Introduction
The healthcare reimbursement system is shifting from one based on the volume of services provided to one based on the value of care provided. Value-based care models often set a benchmark for expected expenditures in the form of capitation or bundled payments. To be able to implement these value-based care models, expenditures often need to be compared across settings and regions. Anesthesia expenditures vary considerably, and they are a nontrivial component of a surgical episode. Anesthesia services and anesthetic plans can vary widely by surgical procedure, duration of procedure, level of intraoperative anesthetic management/monitoring, and anticipated postoperative level of care. Patient comorbidities and other factors may also influence the anesthetic plan and intra-operative anesthetic management. Analyses of anesthesia services require comparisons of expenditures, quality, and other outcomes across settings, facility types, and provider types. To ensure that like comparisons are being made, variations in anesthesia services need to be controlled for.
Although studies have used a variety of proxies, no single variable or measure captures the intensity of an anesthetic management/monitoring plan while accounting for both the complexity and duration of the surgical procedure (Dulisse & Cromwell, 2010; French et al., 2016; Sinclair et al., 2014). This lack of an anesthesia intensity metric is especially acute when using cross-sectional administrative claims data, a common analytic dataset (Healthcare Cost and Utilization Project (HCUP), 2019). Without a measure to control for intensity, comparisons of anesthesia service outcomes across settings may not be as robust.
The American Society of Anesthesiologists (ASA) Relative Value Guide (RVG) provides a mechanism for linking the anticipated complexity of the anesthetic plan to a specific surgical procedure. This is accomplished by assigning “base unit” values to Current Procedural Terminology (CPT) codes on the anesthesia claim. The rationale underlying the ASA base units is that they reflect the complexity of both preoperative evaluation and planning and implementing the anesthetic plan (Sinclair et al., 2014). Higher base units are assigned to anesthesia CPT codes with higher average anticipated difficulty in anesthetic plans and preoperative evaluation complexity. For example, anesthesia for procedures on veins of the lower leg (CPT code 01520) is assigned a base unit of 5, and anesthesia for procedures on major lower abdominal wall blood vessels (CPT code 00880) is assigned a base unit of 15. Of the 272 anesthesia CPT codes assigned base units, the most common base unit is 5, associated with 53 CPT codes; only 35 percent of all anesthesia CPT codes have base units of 7 or higher (Centers for Medicare & Medicaid Services (CMS), n.d.-a).
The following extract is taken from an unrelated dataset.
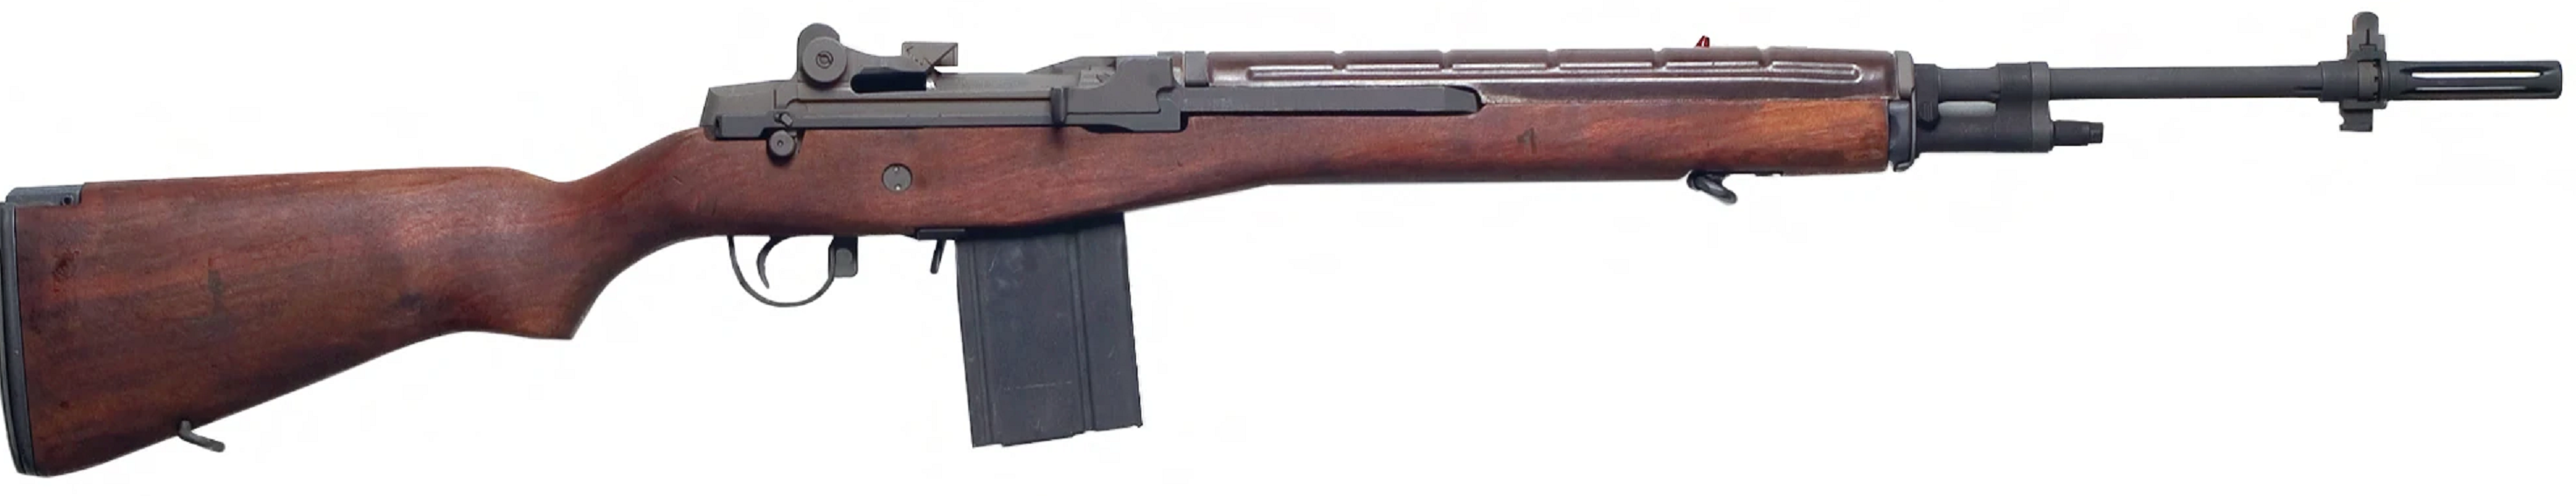 M14_rifle.png

Base units are an important component of the expected intensity of an anesthesia service. Although some studies use base units alone to quantify anesthesia intensity, the intensity of an anesthesia service is also determined by the duration of the service, which can be measured by the associated time units (the amount of time for the anesthesia service as recorded on the medical claim) (Dulisse & Cromwell, 2010). Longer-duration anesthesia services require a longer period of vigilance with direct anesthetic management and monitoring and have a greater probability of requiring an intraoperative patient hand-off. Alternatively, some studies have used time units alone as a measure of anesthesia intensity. Silber and colleagues (2011) examined time units on Medicare claims for anesthesia services as a proxy for intensity and found that they were predictive of the actual duration of a service and that accounting for patient comorbidities and other factors did not improve the measure’s predictive power (Silber et al., 2011). Although duration of anesthesia services is indicative of the procedure’s intensity and, as stated in Schwartz’s Principles of Surgery (Brunicardi et al., 2014), longer services have been linked to increased likelihood of injury and mortality, base units also provide valuable information about the intensity of the anesthesia service provided.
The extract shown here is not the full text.